Pues habían tomado al irse una forma que no era la forma humana.
Ahora el quinto hombre estaba de pie ante el escritorio de Kent Fowler, jefe de la Cúpula Nº 3, Comisión de Reconocimiento de Júpiter.
Bajo el escritorio de Fowler, el viejo Towser se rascó una pulga, y luego se echó a dormir otra vez.
Harold Allen —advirtió Fowler con una angustia repentina— era joven, demasiado joven. Tenía la fácil confianza de la juventud, el rostro de alguien que nunca ha sentido miedo. Y eso era extraño. Pues los hombres de las cúpulas de Júpiter conocían el miedo, el miedo y la humildad. Era difícil para los seres humanos armonizar su yo diminuto con las poderosas fuerzas del monstruoso planeta.
—Comprenderá usted —dijo Fowler— que no necesita hacerlo. Comprenderá que no tiene la obligación de ir.
Era una fórmula, naturalmente.
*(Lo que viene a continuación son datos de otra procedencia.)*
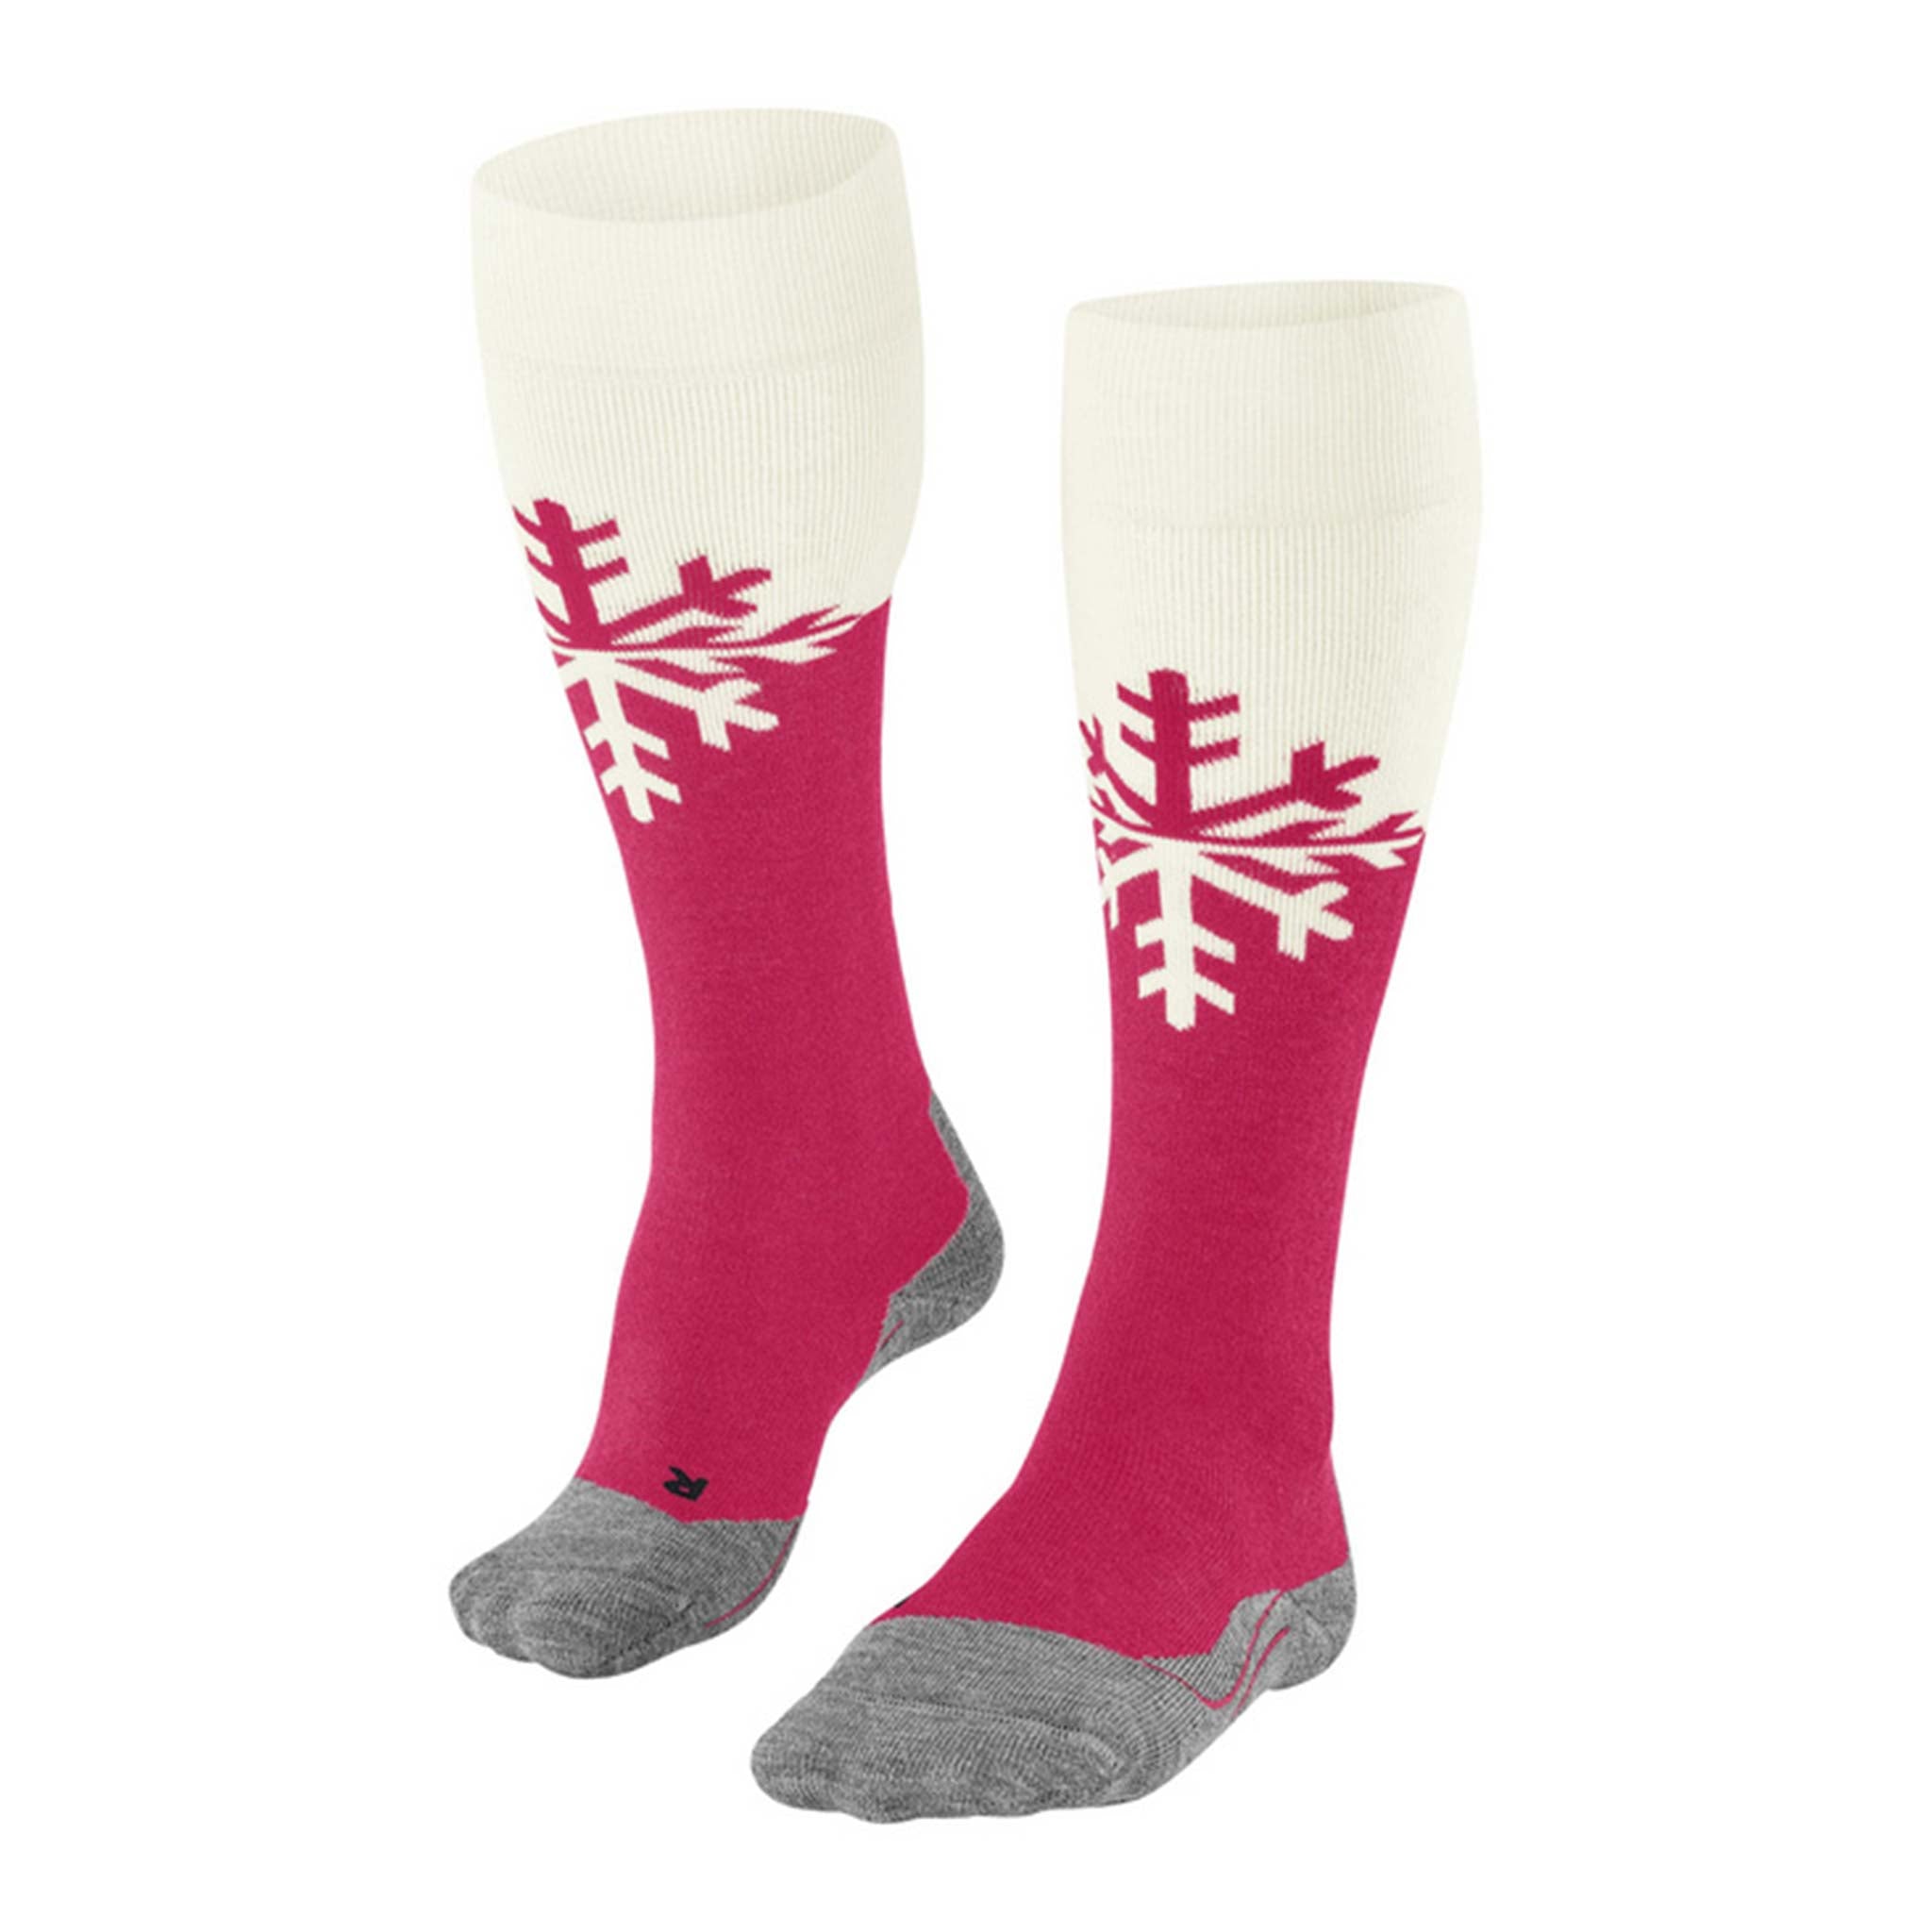 SK2 Women’s Ski Socks in Snowflake Rose
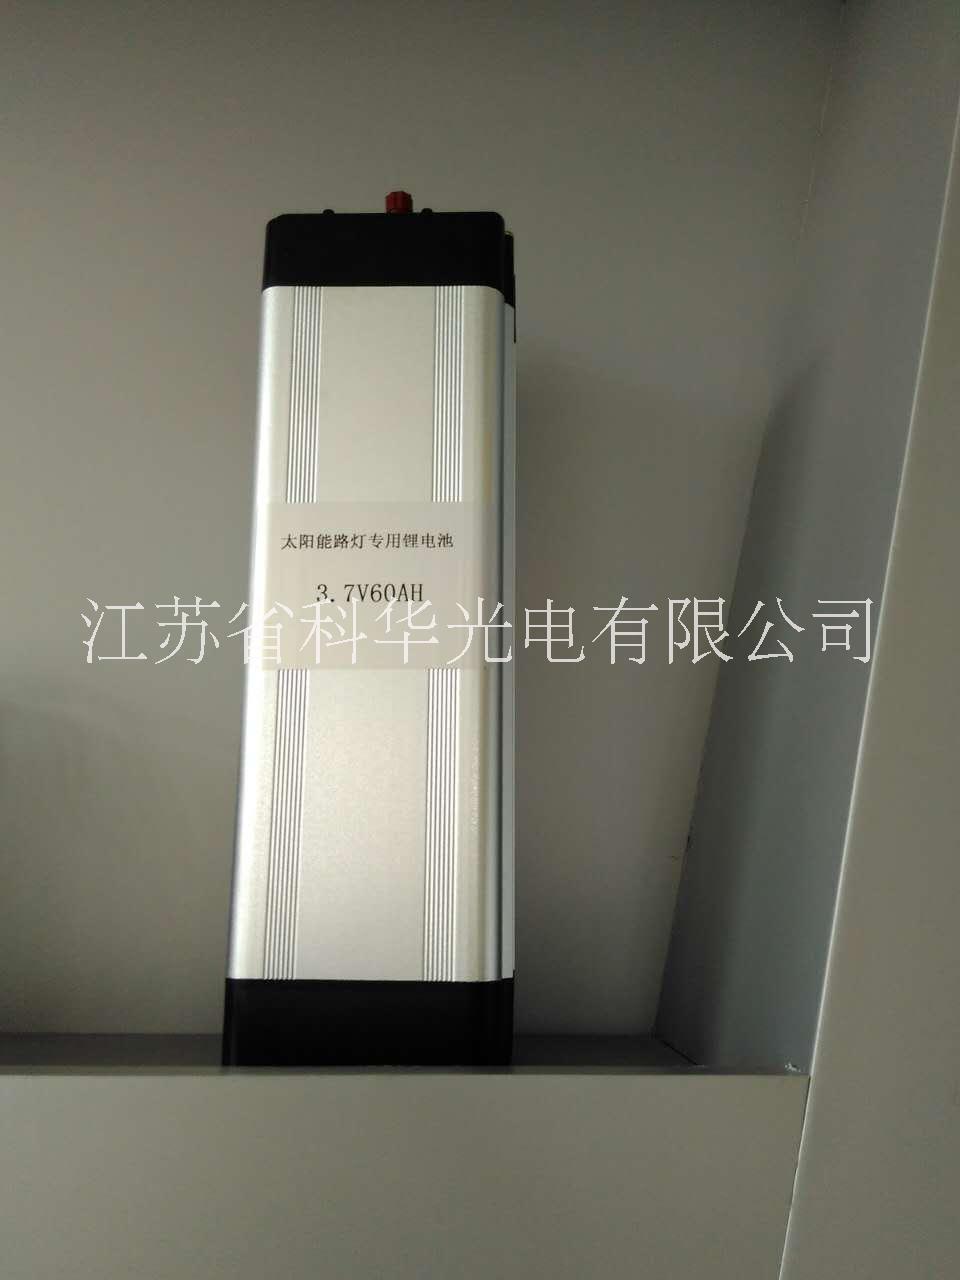 扬州市太阳能路灯用锂电池30AH厂家太阳能路灯用锂电池30AH

Los otros cuatro habían oído lo mismo, pero habían ido. Este quinto, Fowler lo sabía, iría también. Pero tuvo de pronto la débil esperanza de que no fuese.
—¿Cuándo parto? —preguntó Allen.
En otro tiempo Fowler podría haber sentido un sencillo orgullo ante esa respuesta. Frunció levemente el entrecejo.
—Antes de una hora —dijo.
Allen se quedó esperando, en silencio.
—Han ido cuatro hombres y no han regresado —dijo Fowler—. Ya lo sabe usted, por supuesto. Queremos que usted vuelva. No se trata de que intente una heroica expedición de rescate. Lo más importante, lo único, es que regrese, que pruebe que un hombre puede vivir bajo una forma joviana. Vaya hasta la primera posta, no más allá, y vuelva. No corra riesgos. No investigue nada. Vuelva.
Allen hizo un signo afirmativo.
—Comprendo.
—La señorita Stanley manejará el conversor —continuó Fowler—. No tiene nada que temer. La conversión de los otros no trajo dificultades. Salieron de la máquina en un estado aparentemente perfecto. Estará usted en buenas manos. La señorita Stanley es la mejor operadora de conversores del sistema solar. Ha adquirido experiencia en la mayoría de los planetas. Por eso está aquí.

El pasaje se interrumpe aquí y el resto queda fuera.